Exercise directions: Set the whole listing down again, word for word, with no pictures.

Stored data:
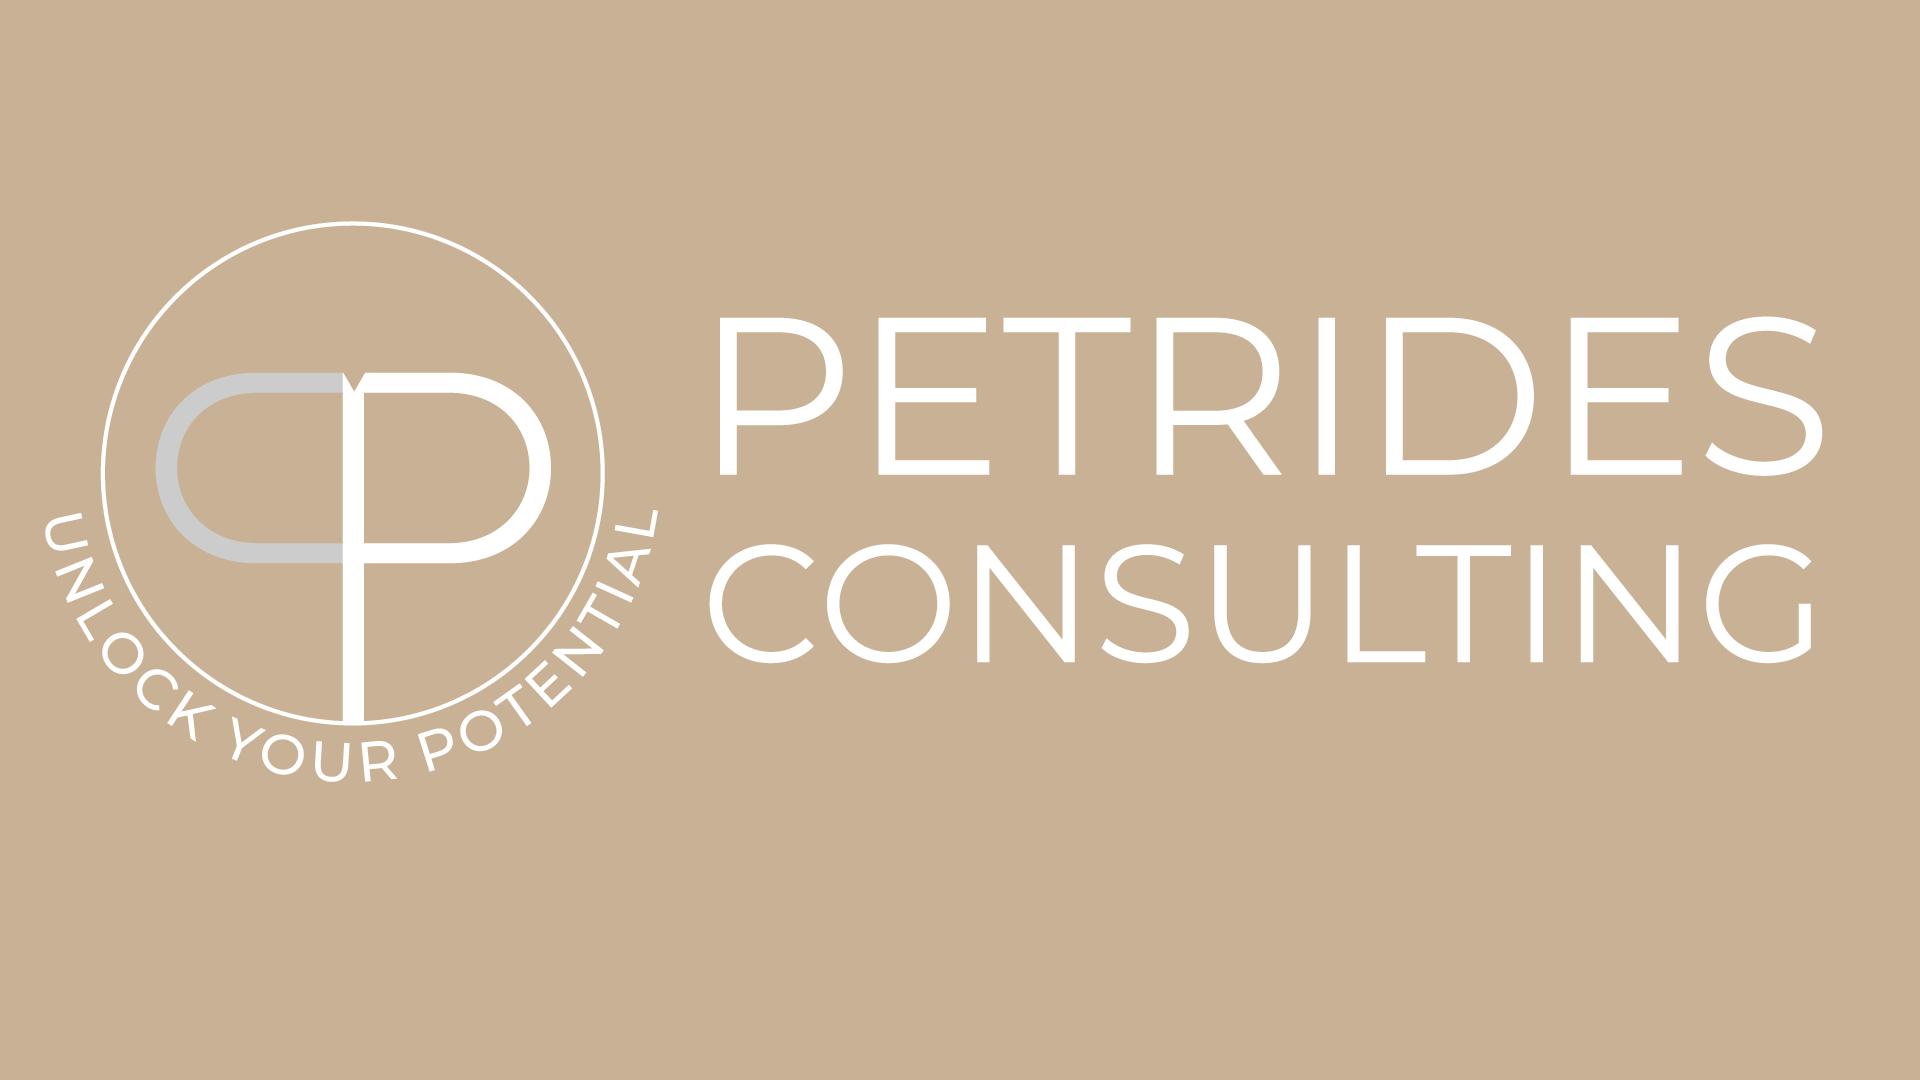 Petrides Consulting
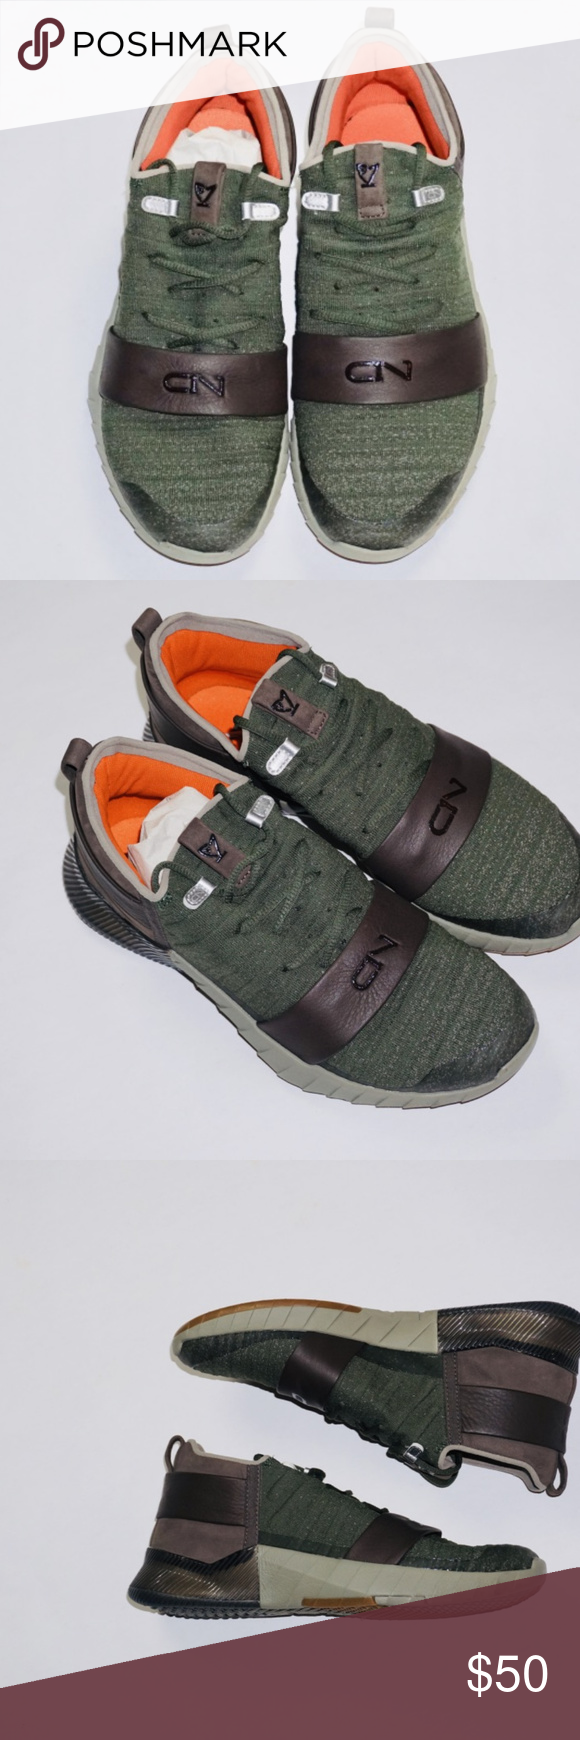 Under Armour Kids Boys C1N TR LUX Sneaker
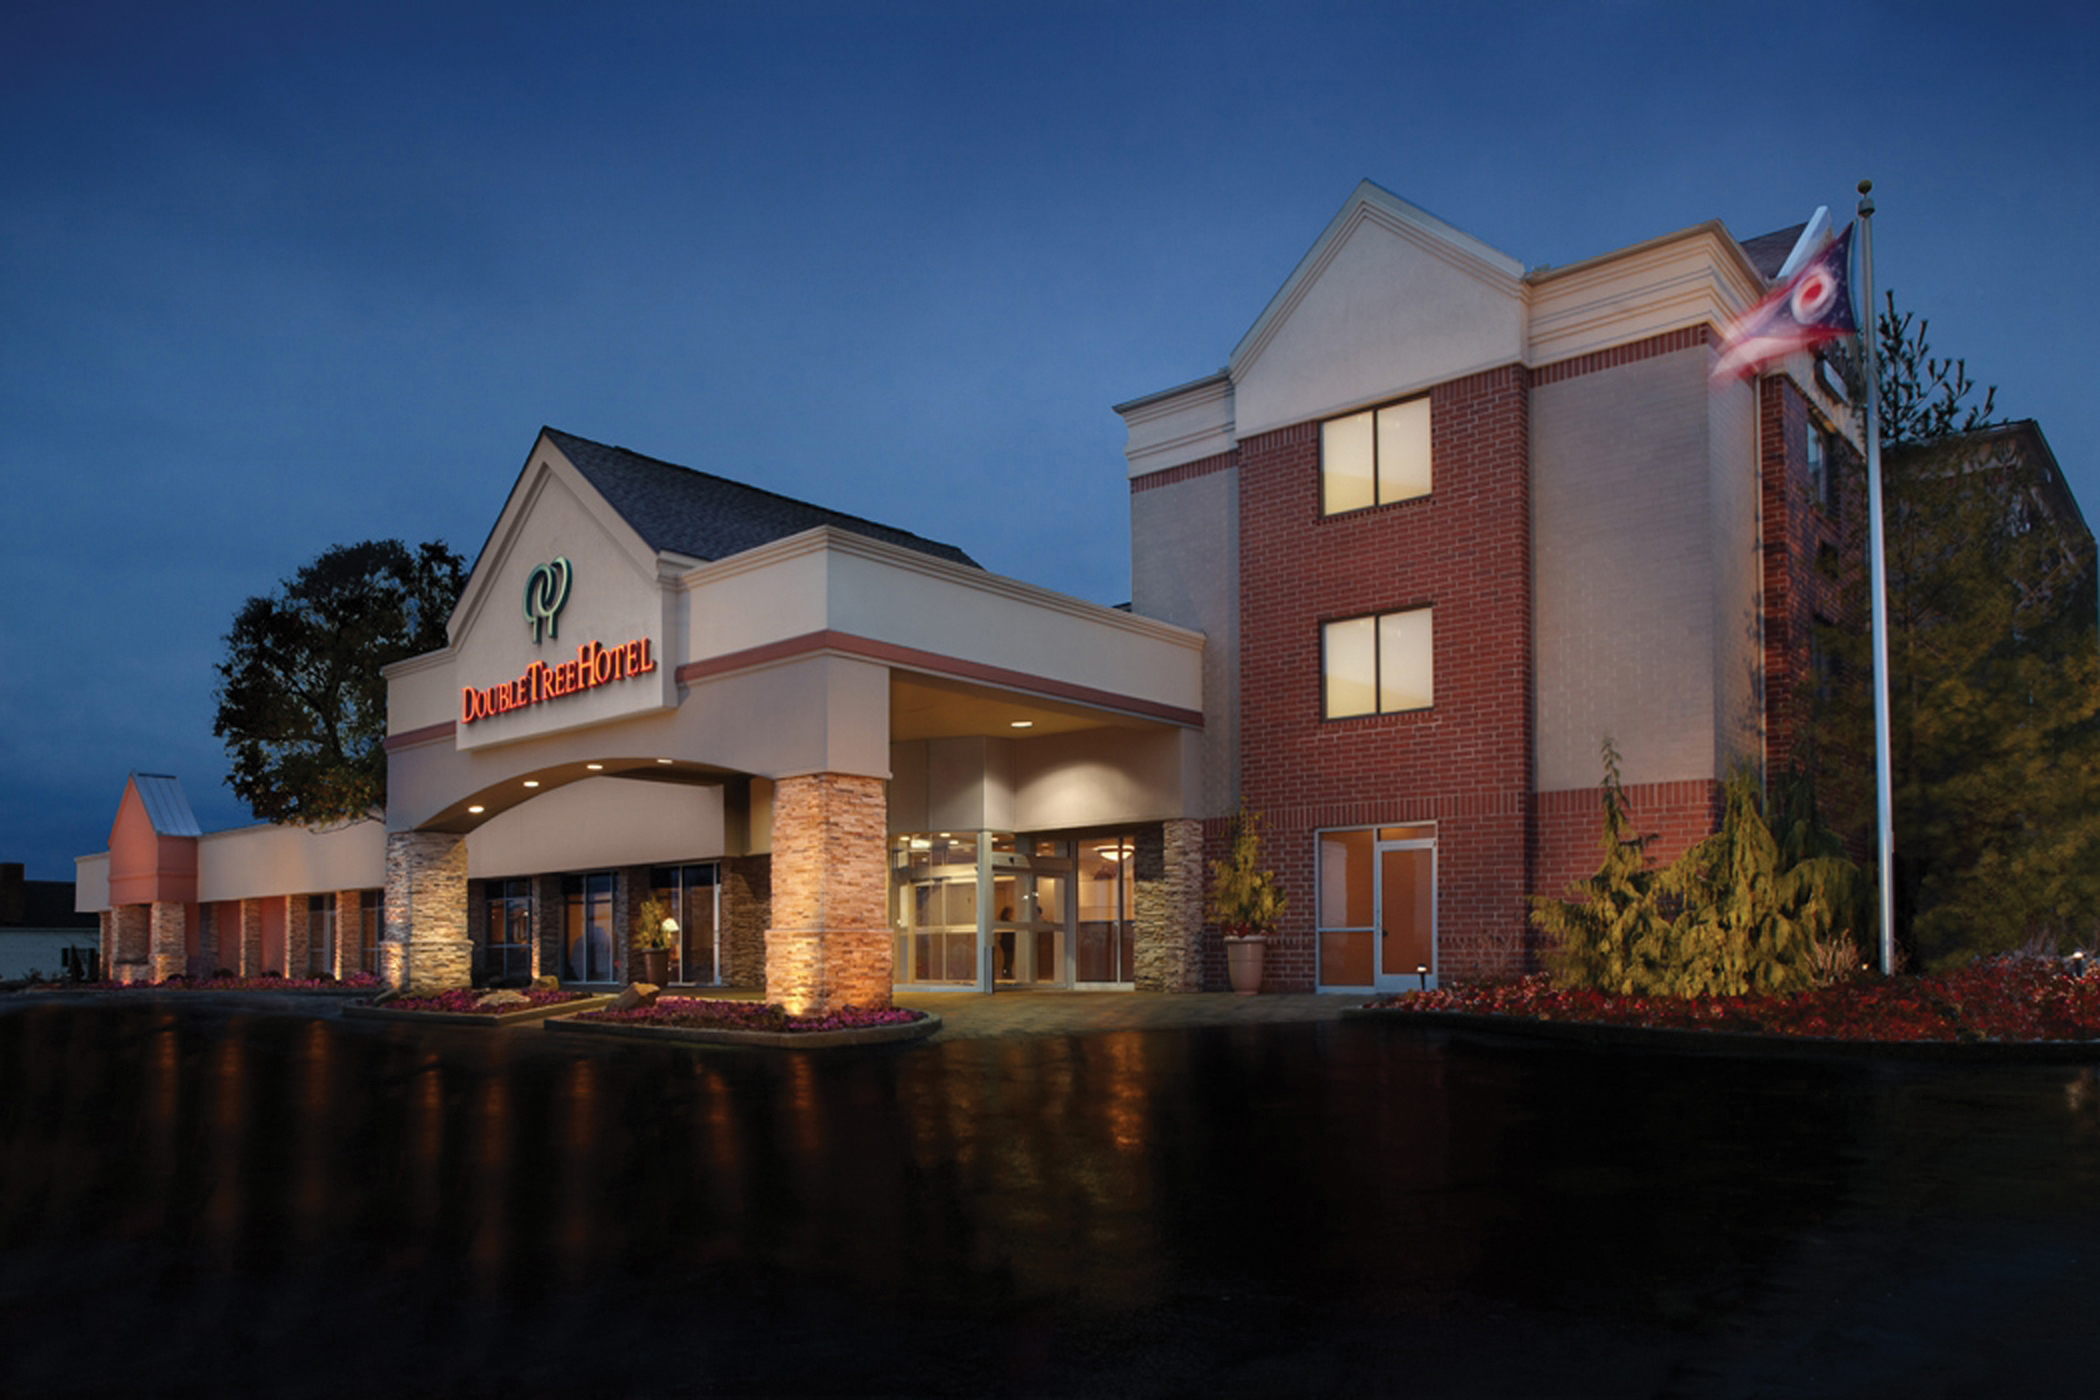 Doubletree By Hilton Hotel Akron Fairlawn

Response area:
 Petrides Consulting
 Under Armour Kids Boys C1N TR LUX Sneaker
 Doubletree By Hilton Hotel Akron Fairlawn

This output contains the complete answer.